Read part of Coll, then part/all of Serena, then back to Coll: This is my preferred method. You get to taste Coll free of bias, and then, when you’re totally lost, turn to Serena for some insight and grounding.
Read part of Serena, then part/all of Coll, then back to Serena: This provides a frame for who Coll is (the first part of Serena’s Attila is a perfect introduction), then lets you work through Coll’s masterpiece before finding out what happened to him (or at least to his stand-in) during the completion of this book.
So many avenues to explore! And no matter what you choose, I’m certain you’ll be enthralled by these literary gems.
We’ll have a lot more about Dmitry Bykov & John Freedman’s VZ: Volodymyr Zelenskyy and the Making of a Nation over the next few weeks building to its official June 10th release, but since copies are available now, I wanted to draw some attention to this incredibly relevant book.
What you’ll find below is the letter going out to all of our subscribers, which, hopefully, provides enough context to pique your interest:
Although we've done a number of nonfiction works over the course of our history—from Dubrakva Ugresic's personal essays to our Polish Reportage series—we've never done a book that's quite as timely or politically relevant as VZ.
This book came to us via a conversation with Prof. John Givens at the University of Rochester, who helped bring famous writer and dissident, Dmitry Bykov, to the U of R as the inaugural "Humanities Center Scholar in Exile" visiting professor. Bykov is a prolific writer with at least ninety books, including five biographies, twelve novels, and twenty poetry collections.
His "Citizen Poet" project on YouTube, along with participation in various antiauthoritarian protests landed him in hot water, and after refusing on two occassions to meet with Putin, he was poisoned by the same FSB operatives who then poisoned Alexei Navalny. He was banned from teaching in Russia or appearing on Russian state-controlled media. He was declared a "foreign agent" by the Russian government when he left the country in 2022, and his works are now officially banned in Russia.
VZ: Volodymyr Zelenskyy and the Making of a Nation is, in many respects, a biography of Zelenskyy, but one that is measured and quite comprehensive, looking at the conditions that led to Zelenskyy's election, his early struggles, and his transformation through Russia's invasion of Ukraine. It's as up-to-the-minute as can be for a published and bound book, with the final chapter written just a couple months ago.

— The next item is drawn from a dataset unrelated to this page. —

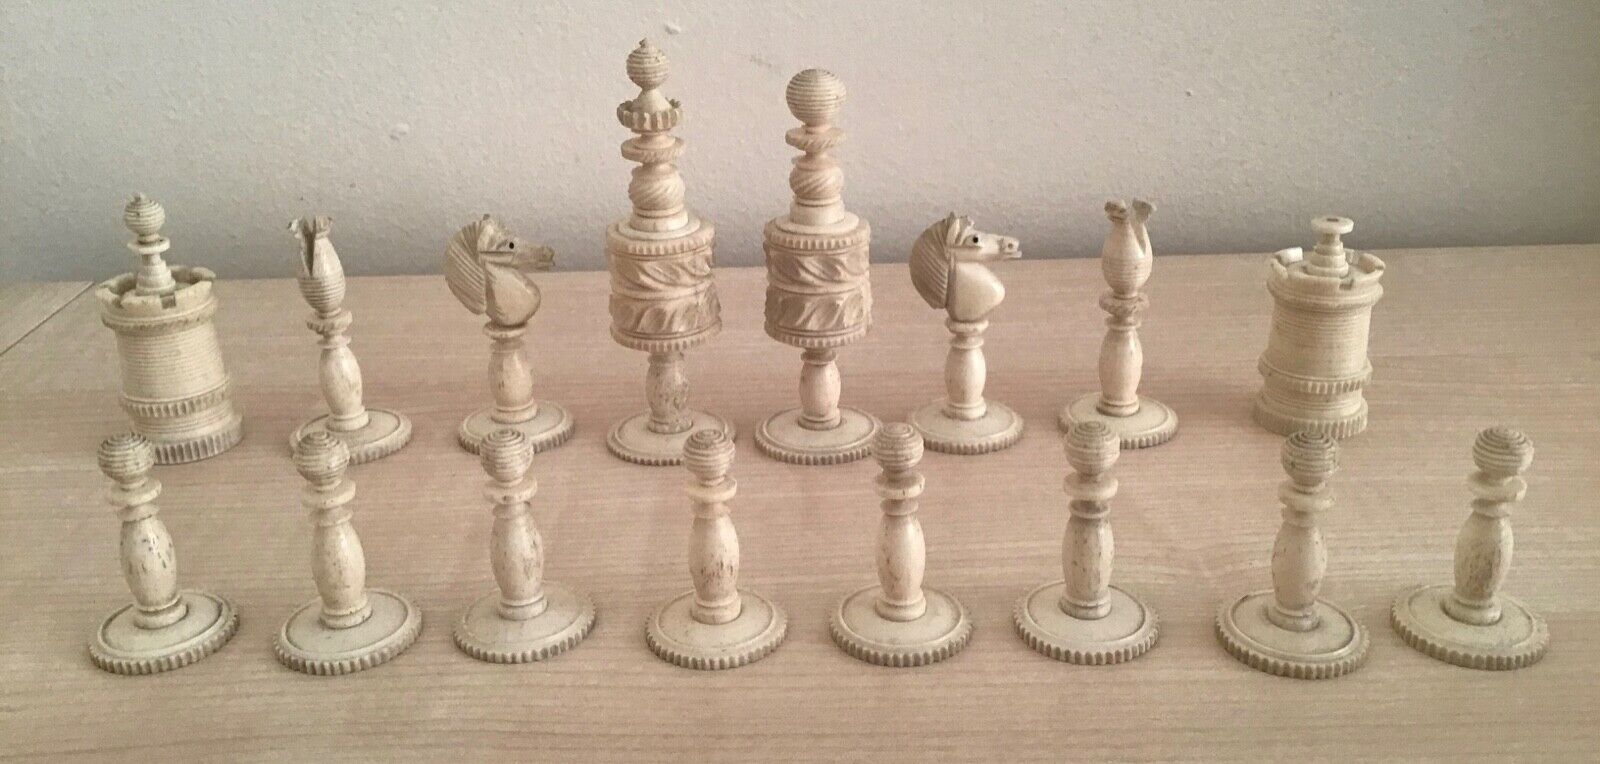 Mid/Late 19th c. Carved Chess set. English or Chinese. All pieces present.

Nevertheless, this conflict rages on and has taken some unnerving turns as of late, thanks in large part to Trump and his administration, who are happy to play their traditional role as bullies who gladly sidle up to Putin, and who are spreading false narratives about the invasion and ensuing war. Through extensive research and dozens of conversations with high ranking officials, VZ does its best to articulate the ins and outs of the situation in Ukraine, and serves as a powerful counterpoint to Trump's garbage.

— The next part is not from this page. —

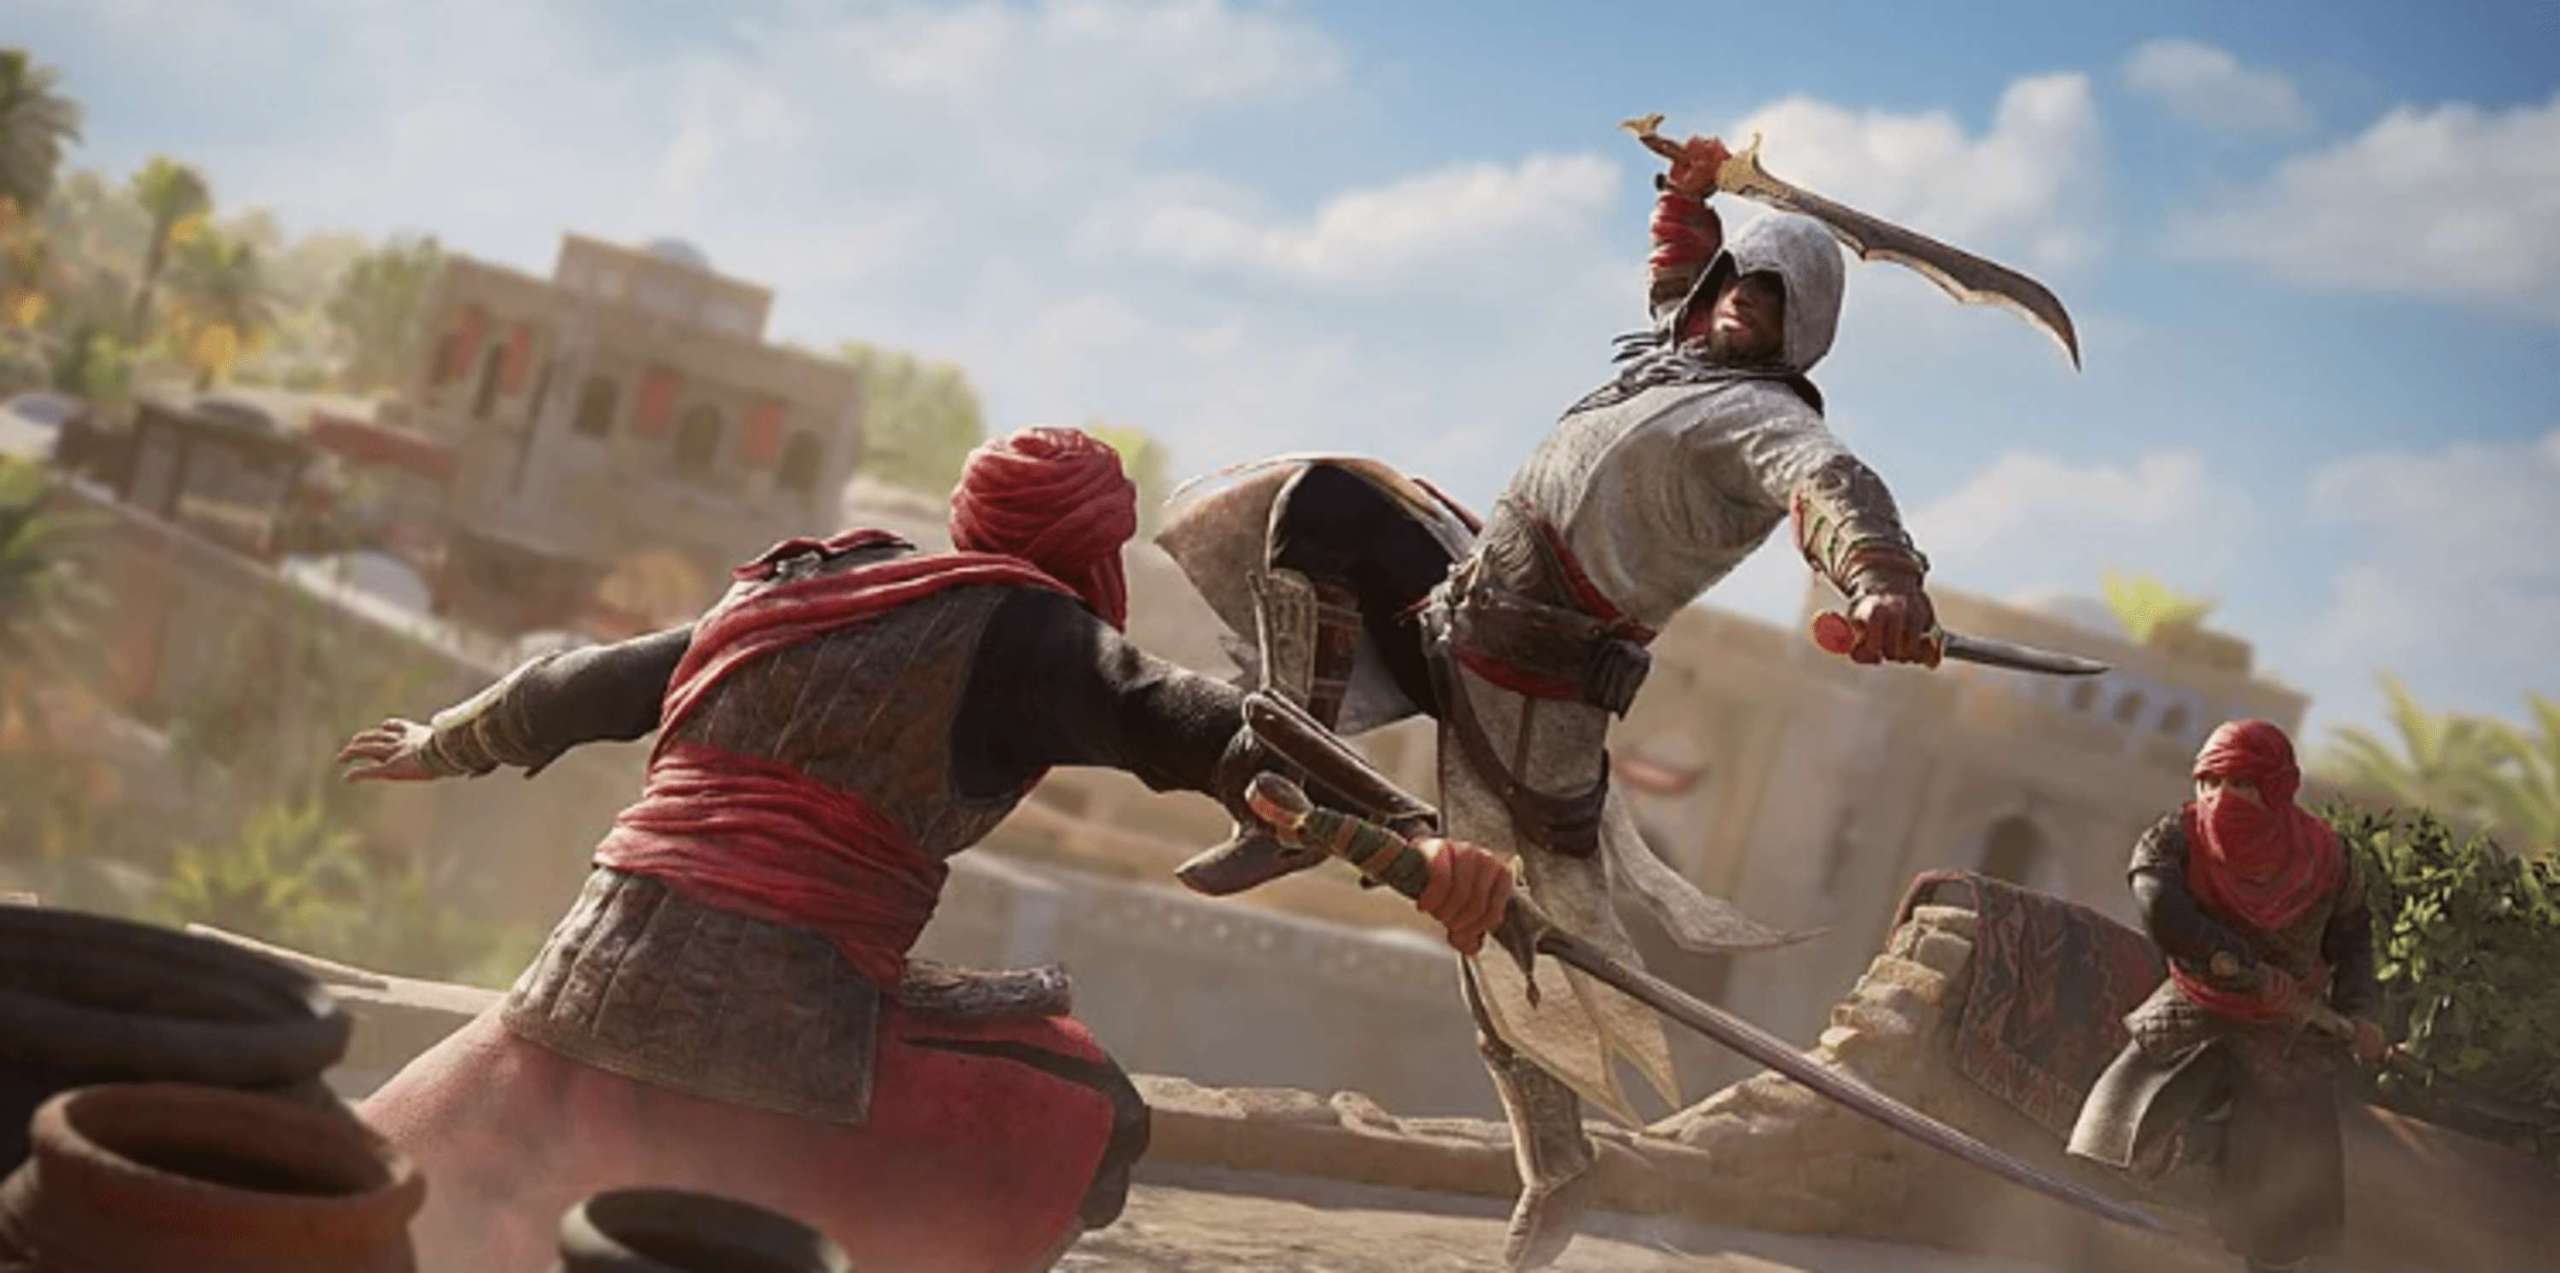 Mirage, The Upcoming Assassin’s Creed Video Game By Ubisoft, Stars Basim

Stay tuned for Whittemore’s spectacular introduction to Coll’s Attila, and for more information about VZ and all of the books we have coming out this fall and winter, including a new book by Andrés Neuman, the winner of this year’s Contemporary Bulgarian Writer Award, Lara Moreno’s follow-up to Wolfskin, the first book to win the Armory Square Prize for South Asian Literature in Translation, and a new reprint of a classic Juan José Saer novel.

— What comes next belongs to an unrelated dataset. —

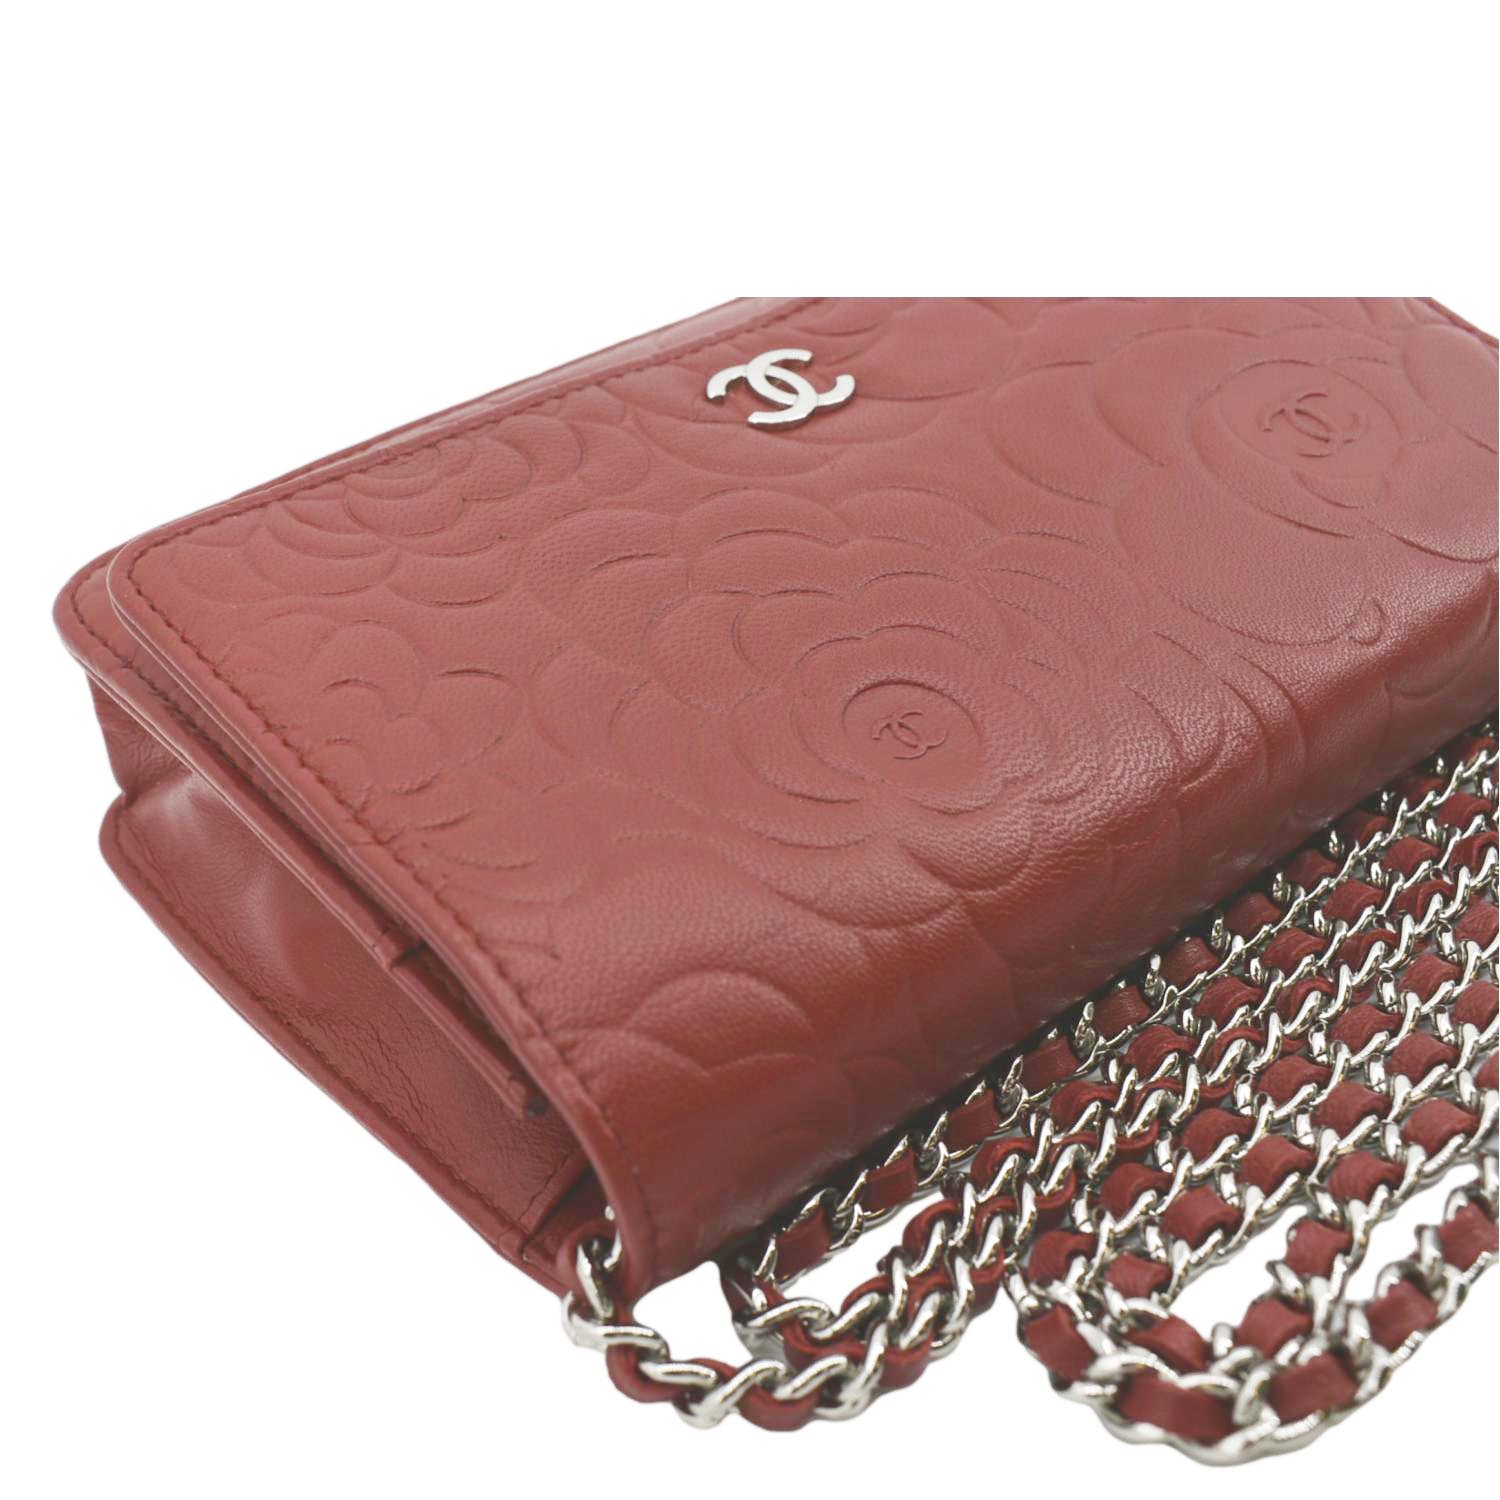 Wallet On Chain leather crossbody bag

That's amazing to hear! I passed it along to Katie Whittemore, who is, I'll bet, going to be very interested in hearing that this is influencing your dreams . . .
I’m finishing Coll’s Attila now, and will then move on to Serena. It’s been one of the most rewarding experiences of my life, and not just in the ordinary sense of, say, the experience of reading it. There have been accompanying visions while falling asleep in the sun after reading it, dreams, and imagined permutations of word groupings in the text of the book that have made Attila more of an event than a simple reading experience. It’s quite magical. Thanks so much for taking a chance on it. I’m happy to hear that it’s paying off.